Morrison-Knudsen Construction Co. v. Industrial Commission

424 P.2d 138, 18 Utah 2d 390, 1967 Utah LEXIS 674
CourtUtah Supreme Court
DecidedFebruary 24, 1967
Docket10659
StatusPublished
Cited by7 cases

This text of 424 P.2d 138 (Morrison-Knudsen Construction Co. v. Industrial Commission) is published on Counsel Stack Legal Research, covering Utah Supreme Court primary law. Counsel Stack provides free access to over 12 million legal documents including statutes, case law, regulations, and constitutions.

Bluebook
Morrison-Knudsen Construction Co. v. Industrial Commission, 424 P.2d 138, 18 Utah 2d 390, 1967 Utah LEXIS 674 (Utah 1967).

Opinions

ELLETT, Justice:

The defendant Joseph Higginson was injured while working for plaintiff Morrison-Knudsen Construction Company. The Industrial Commission of Utah ordered compensation to be paid by Morrison-Knudsen’s insurance carrier, Employers Mutual of Wausau, on the basis of fifty per cent disability of the injured employee based on the report of the medical advisory board. The plaintiffs did not object to the award. [392]*392The employee requested that the matter be referred to a medical panel for a report to the Industrial Commission pursuant to the provisions of Section 35-1-77, U.C.A.1953 as amended. This was done, and the panel estimated a permanent partial disability of seventy per cent. Mr. Higginson objected to the panel report and asked for a hearing, which was had. One member of the medical panel testified that the disability was seventy per cent. The doctor who had treated Mr. Higginson testified that he “might be closer to eighty-five or ninety per cent physiologically and anatomically disabled.”
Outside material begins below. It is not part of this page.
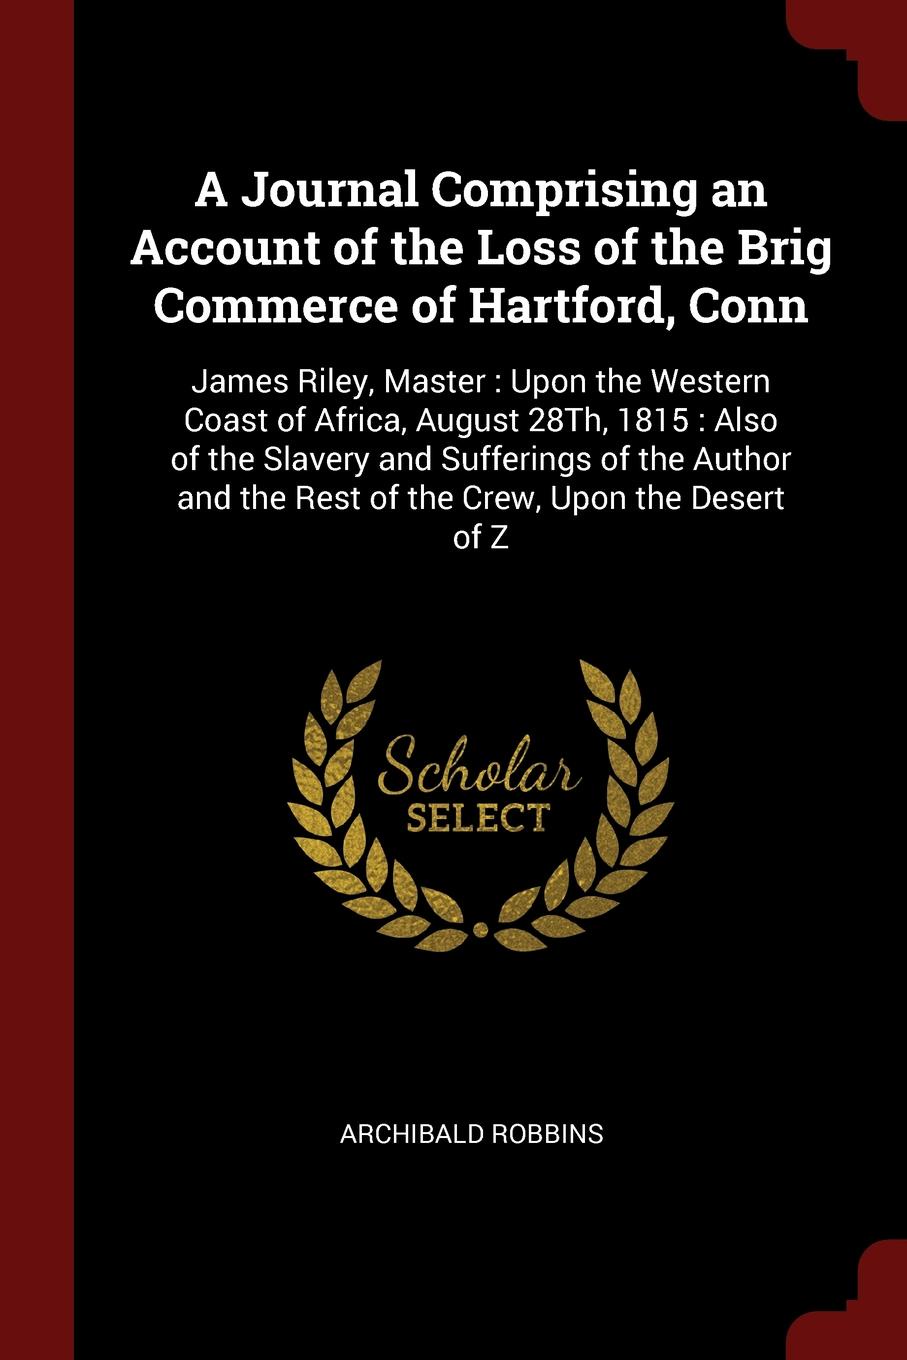 A Journal Comprising an Account of the Loss of the Brig Commerce of Hartford, Conn. James Riley, Master : Upon the Western Coast of Africa, August 28Th, 1815 : Also of the Slavery and Sufferings of the Author and the Rest of the Crew, Upon the Des...

The Commission made a temporary order of permanent total disability but reserved to either party the right to a formal hearing. It referred Mr. Higginson to the Division of Vocational Rehabilitation under the Board of Education of the State of Utah pursuant to Section 35-1-67, U.C.A.1953 as amended.

Counsel for Mr. Higginson requested a formal hearing for the purpose of having a final order of permanent total disability entered. The hearing was had, and the same two doctors testified who had given their testimony at the prior hearing. The panel doctor again said that in his opinion Mr. Higginson had seventy per cent partial permanent disability, while the other doctor said the disability was total and permanent. The counsellor of the Division of Vocational Rehabilitation testified that due to the low I. Q. of Mr. Higginson, it was his opinion that there could be no rehabilita-’ tion and that their files had been closed on the case.
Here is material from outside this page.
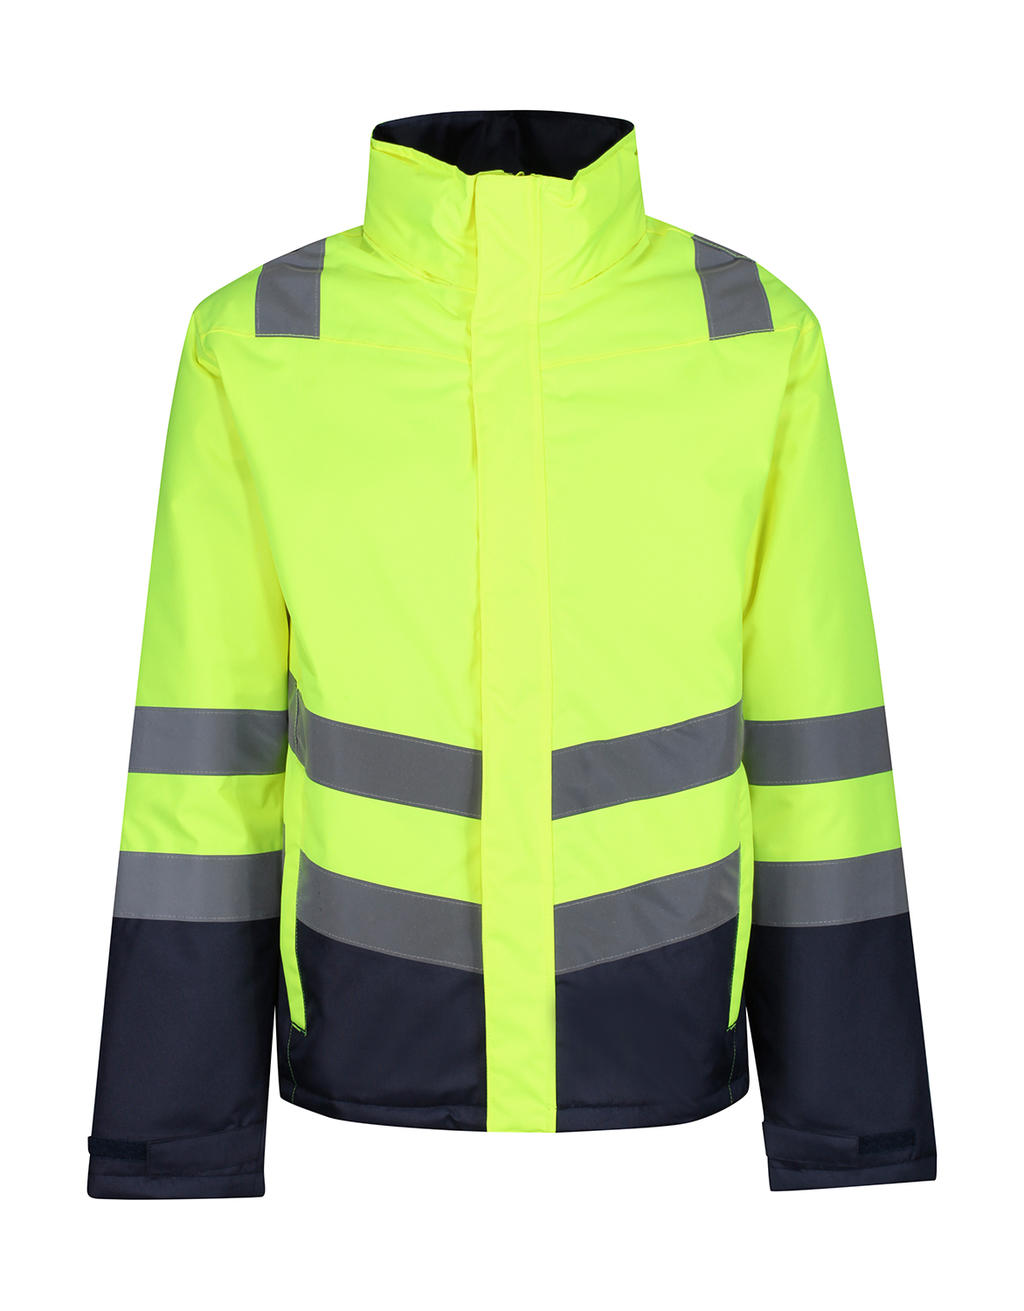  Pro Hi Vis Insulated Parka in Farbe Yellow/Navy

A final order was entered by the Industrial Commission finding total permanent disability.

The employer and its insurance carrier now ask this court to review the proceed-' ings and to order the Industrial Commission to find according to the recommendations of the medical panel, to-wit, that Mr. Higginson has a permanent partial disability of seventy per cent.

This court has held on numerous occasions that the Industrial Commission is the sole judge of the facts where there is competent evidence to sustain the finding (Kent v. Industrial Commission, 89 Utah 381, 57 P.2d 724), and the fact that this court might have made other findings does not make any difference. (See also Tintic Standard Mining Company v. Industrial Commission, 100 Utah 96, 110 P.2d 367.)
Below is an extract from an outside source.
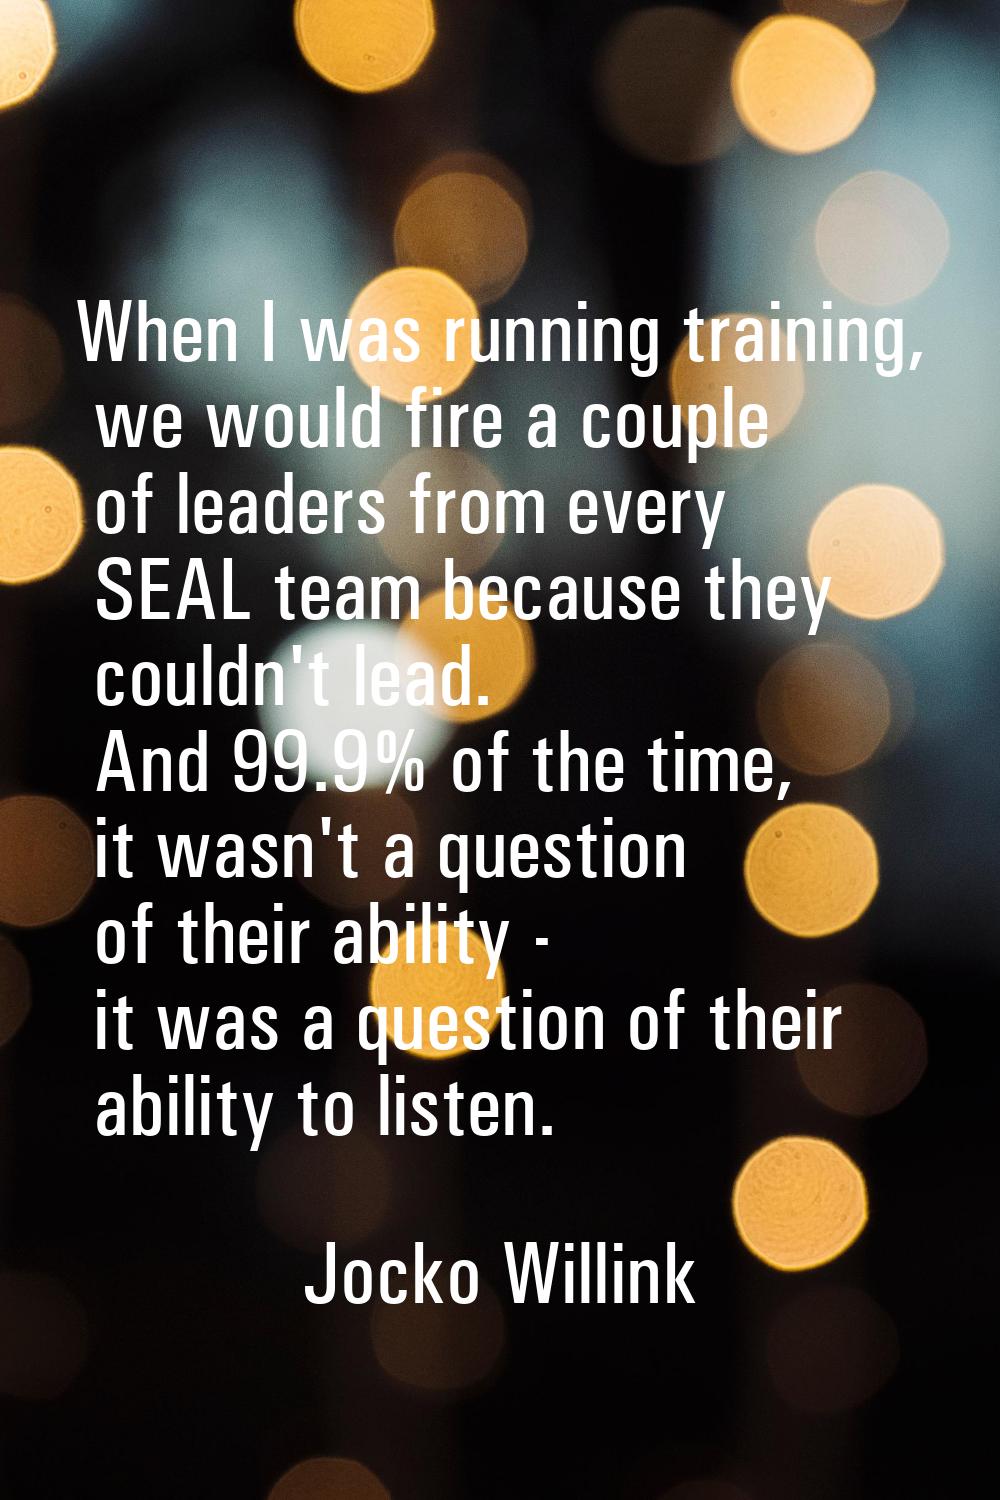 When I was running training, we would fire a couple of leaders from every SEAL team because they co

This court further held in Kelly v. Industrial Commission, 80 Utah 73, at page 76, 12 P.2d 1112, at page 1113, that the Commission was not bound to believe medical experts, and stated:

The question of whether the employee was totally and permanently disabled was the ultimate matter to be decided by the commission, upon all the evidence in the case. Upon this direct question expert witnesses may not properly express opin[393]*393ions. Utah Copper Co. v. Ind. Com., 69 Utah 452, 256 P. 397. Also see Annotation, 78 A.L.R. 755. At least the commission is not bound by such opinion evidence. 22 C.J. 728. In view of all the evidence, and the further consideration that the members of the commission, at the numerous hearings, had personal contact with, and opportunities for observing the conduct of, the employee, it cannot be said that a finding of total and permanent disability was compulsory as a matter of law. Besides, there was sufficient contrary evidence in the case to raise a conflict upon the ultimate issue, which prevents this court from disturbing the findings made.

The plaintiffs objected to the taking of evidence by the Commission relating to the I. Q. of the injured employee for the purpose of determining the amount of disability. The law of this state regarding whether a person is totally disabled is well set out in the case of United Park City Mines Company v. Prescott et al., 15 Utah 2d 410, 393 P.2d 800:

In considering the attack upon the order made these principles are to be kept in mind: that a workman may be found totally disabled if by reason of the disability resulting from his injury he cannot perform work of the general character he was performing when injured, or any other work which a man of his capabilities may be able to do or to learn to do; that it is the prerogative of the Commission to find the facts and to determine the degree of disability; that we should review the evidence in the light most favorable to the findings; and if when so reviewed, there is a reasonable basis therein to support them, the findings and order should not be disturbed.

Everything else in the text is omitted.